Prices Set New Highs for the Second Month in a Row

Prices for both single-family, re-sale homes and condos set new all-time highs in March.

The median price for homes has been higher than the year before by double-digits ten months in a row. The average price was up by double-digits for the ninth consecutive month.

The median price for homes rose 27.8% over last March to $1,450,000.

This is also the 73rd month in a row the median price has been higher than the year before.

The average price for homes rose 22.8% to $1,745,230.

The median price for condos gained 27.9% to $900,000. Notably, the median price for condos has been higher than the year before every month since July of 2011!

The average price for condos was up 26.9% over last March.

Multiple offers continue to be the norm. The sales price to list price ratio, or what buyers are paying over what sellers are asking remains at triple digits: 112.4% for homes and 116.1% for condos.

The ratio has been over 100% for homes since March 2012 and for condos since April 2012.

Homes and condos are flying off the shelf. It is taking only sixteen days to sell a home, on average. Condos are taking nine days.

All this is due to an incredible lack of inventory. Since January 2000, Santa Clara County has averaged 94 days of inventory.
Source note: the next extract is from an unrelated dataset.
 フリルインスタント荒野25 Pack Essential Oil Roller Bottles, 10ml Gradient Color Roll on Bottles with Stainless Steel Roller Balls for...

Last month it was eighteen.

Condos have averaged 87 days since 2000. Last month it was twelve.

As of April 5th, there were 516 homes and 124 condos for sale in Santa Clara County.
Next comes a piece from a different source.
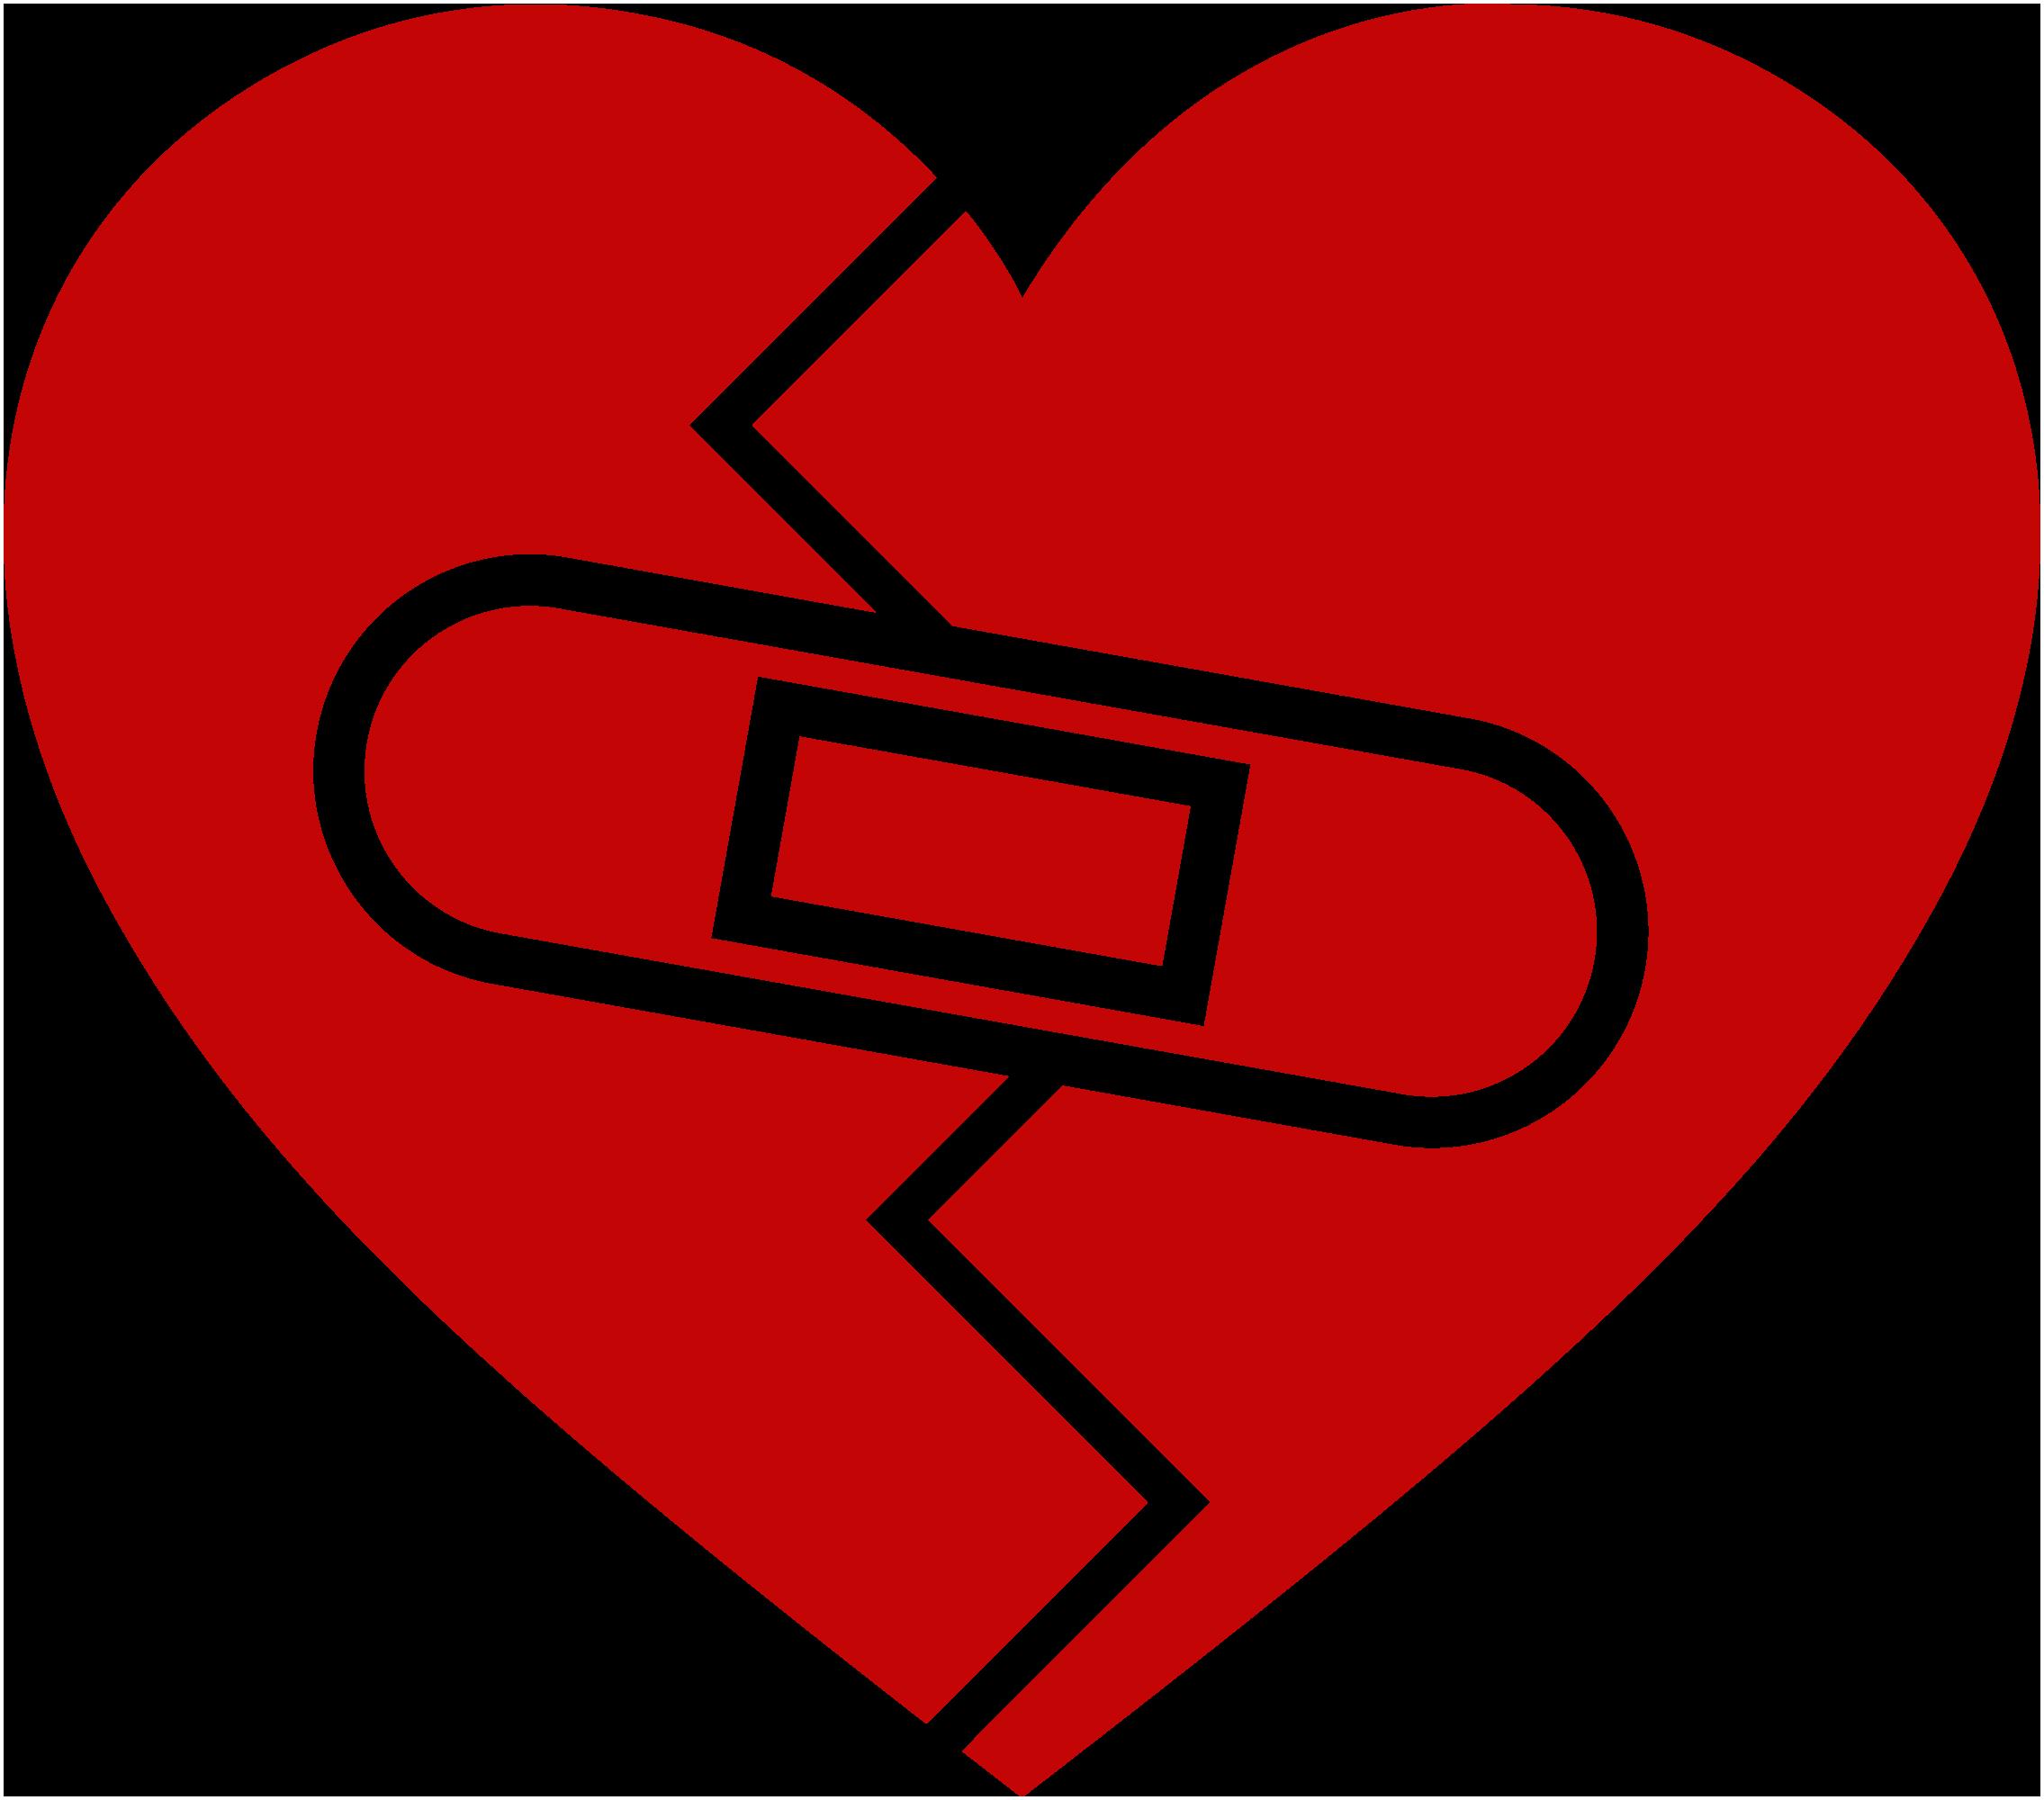 venda dentro de un corazón roto

Big investment firms have stopped gobbling up California homes

By: Cal Matters 

Astronomical prices are forcing a rising share of California families to postpone buying a house. As a result, the state’s record-low homeownership rate has been a boon to one growing segment of California’s housing market: single-family home rentals.

Between 2005 and 2015, the number of owner-occupied homes in California shrunk by nearly 64,000 units, according to the Public Policy Institute of California. Meanwhile the number of renter-occupied homes increased dramatically.

California now has 450,000 more homes used as rentals than it did a decade ago. Compare that to the 1990s, when the number of rented homes grew by less than 120,000 while the state added 700,000 homes owned by the people who live in them.

The rising tide of single-family rentals has renewed attention on who actually receives the rent payments that nearly 2 million Californians make each month. Lawmakers and first-time homeowner advocates have been scrutinizing a relatively new form of landlord: private investment firms that snapped up thousands of homes during the foreclosure crisis and now rent them out.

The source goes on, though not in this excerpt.